--- Exercise ---
Using the material below, return exactly the lines between the one holding "Immagine per Book" and the one holding "Комбинированная демисезонная футболка", inclusive, and no others.
===== Available records =====
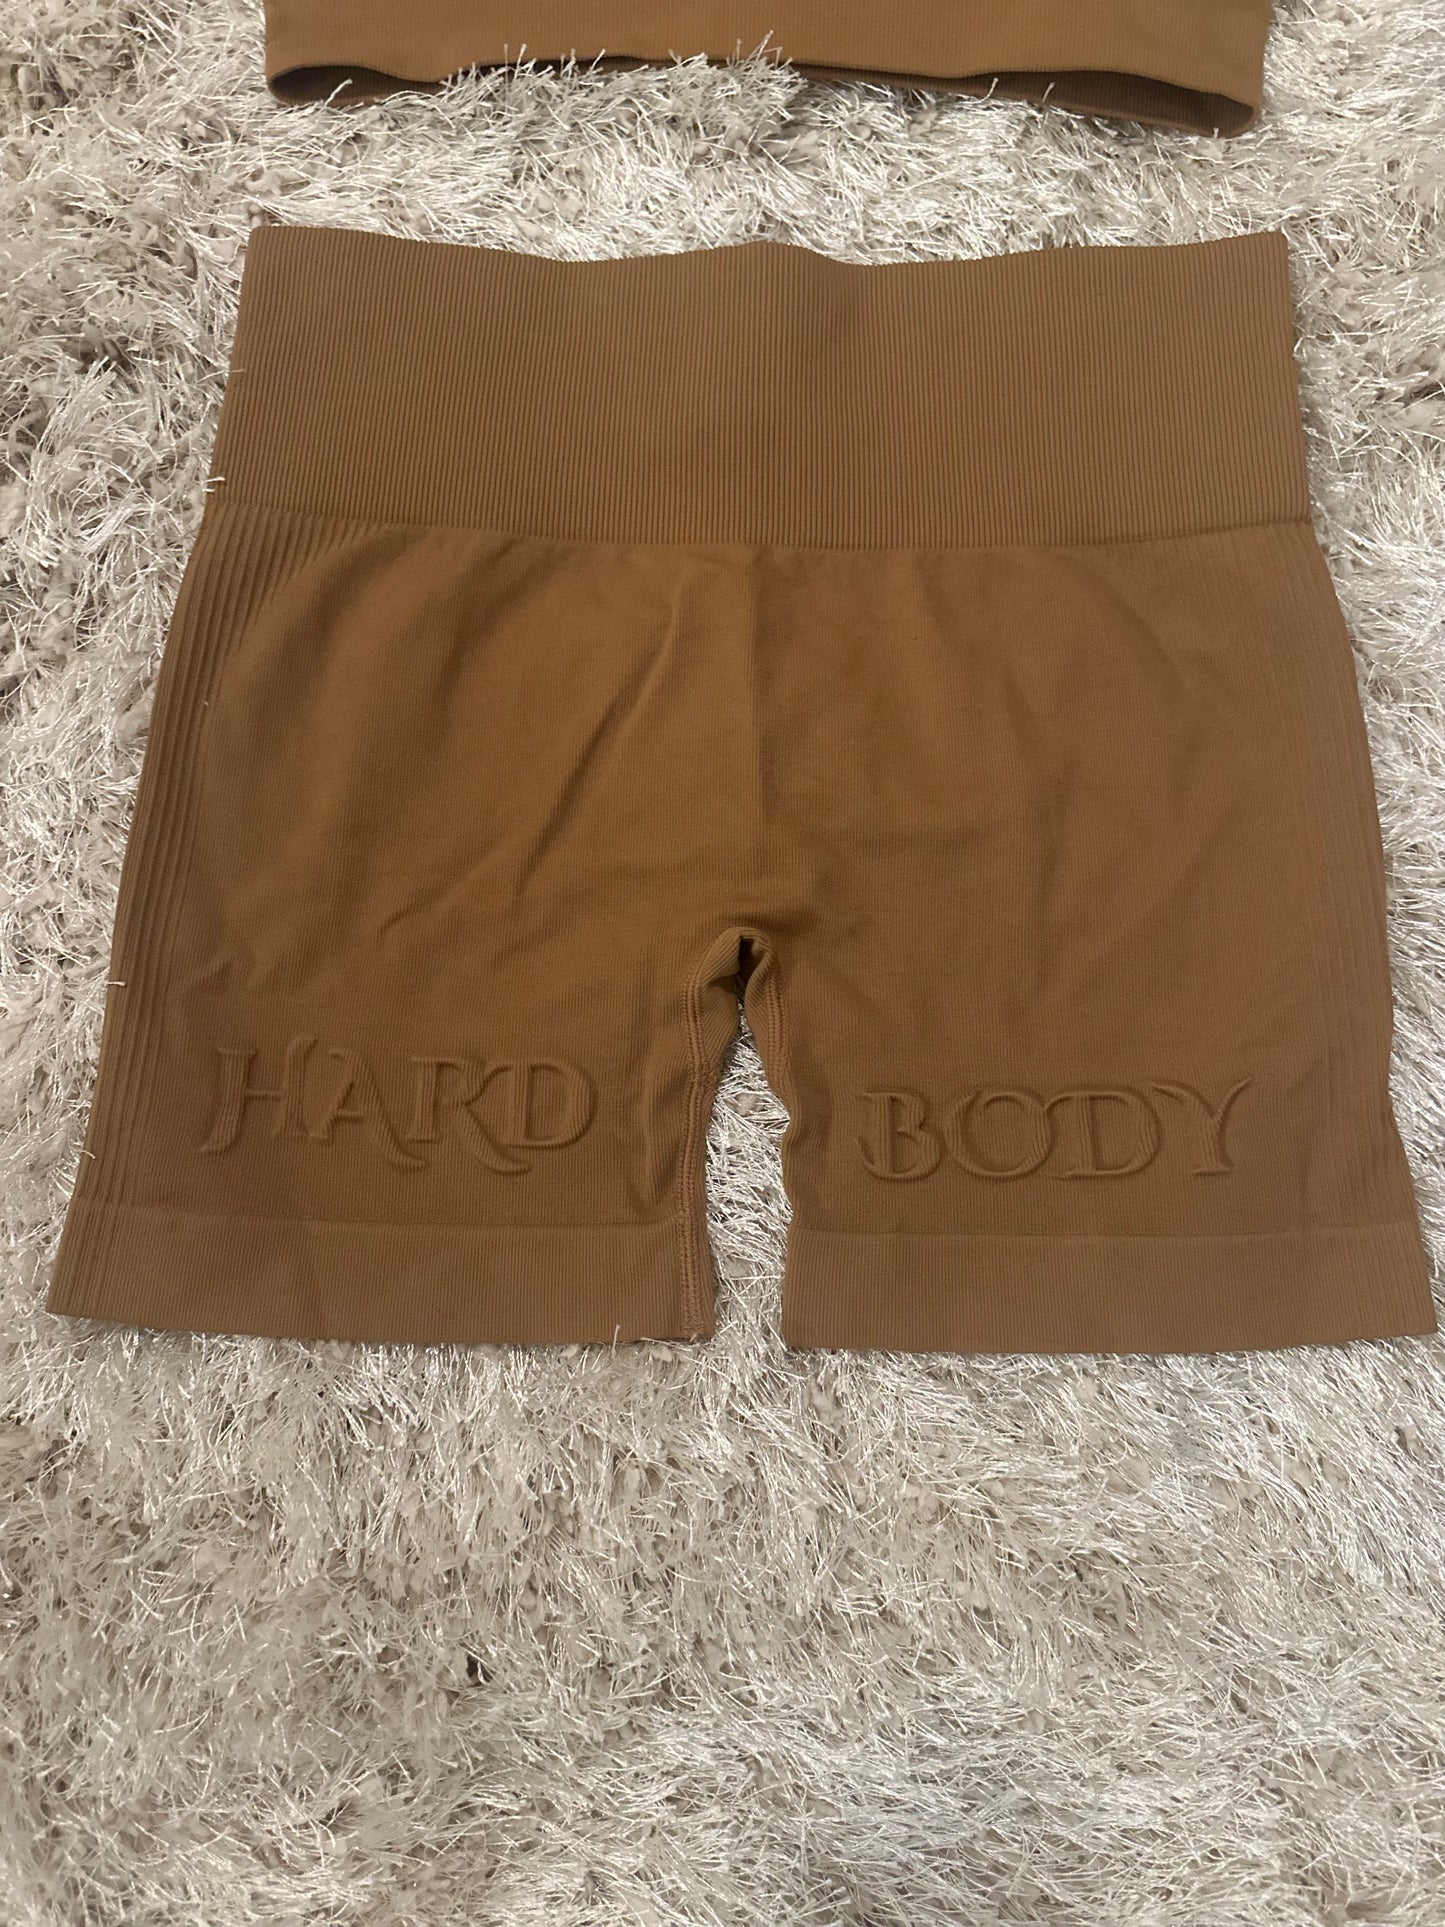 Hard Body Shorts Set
=====
===== Available records =====
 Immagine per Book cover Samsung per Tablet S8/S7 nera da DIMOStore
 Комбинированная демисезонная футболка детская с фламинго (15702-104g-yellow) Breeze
=====
--- Solution for this problem ---
 Immagine per Book cover Samsung per Tablet S8/S7 nera da DIMOStore
 Комбинированная демисезонная футболка детская с фламинго (15702-104g-yellow) Breeze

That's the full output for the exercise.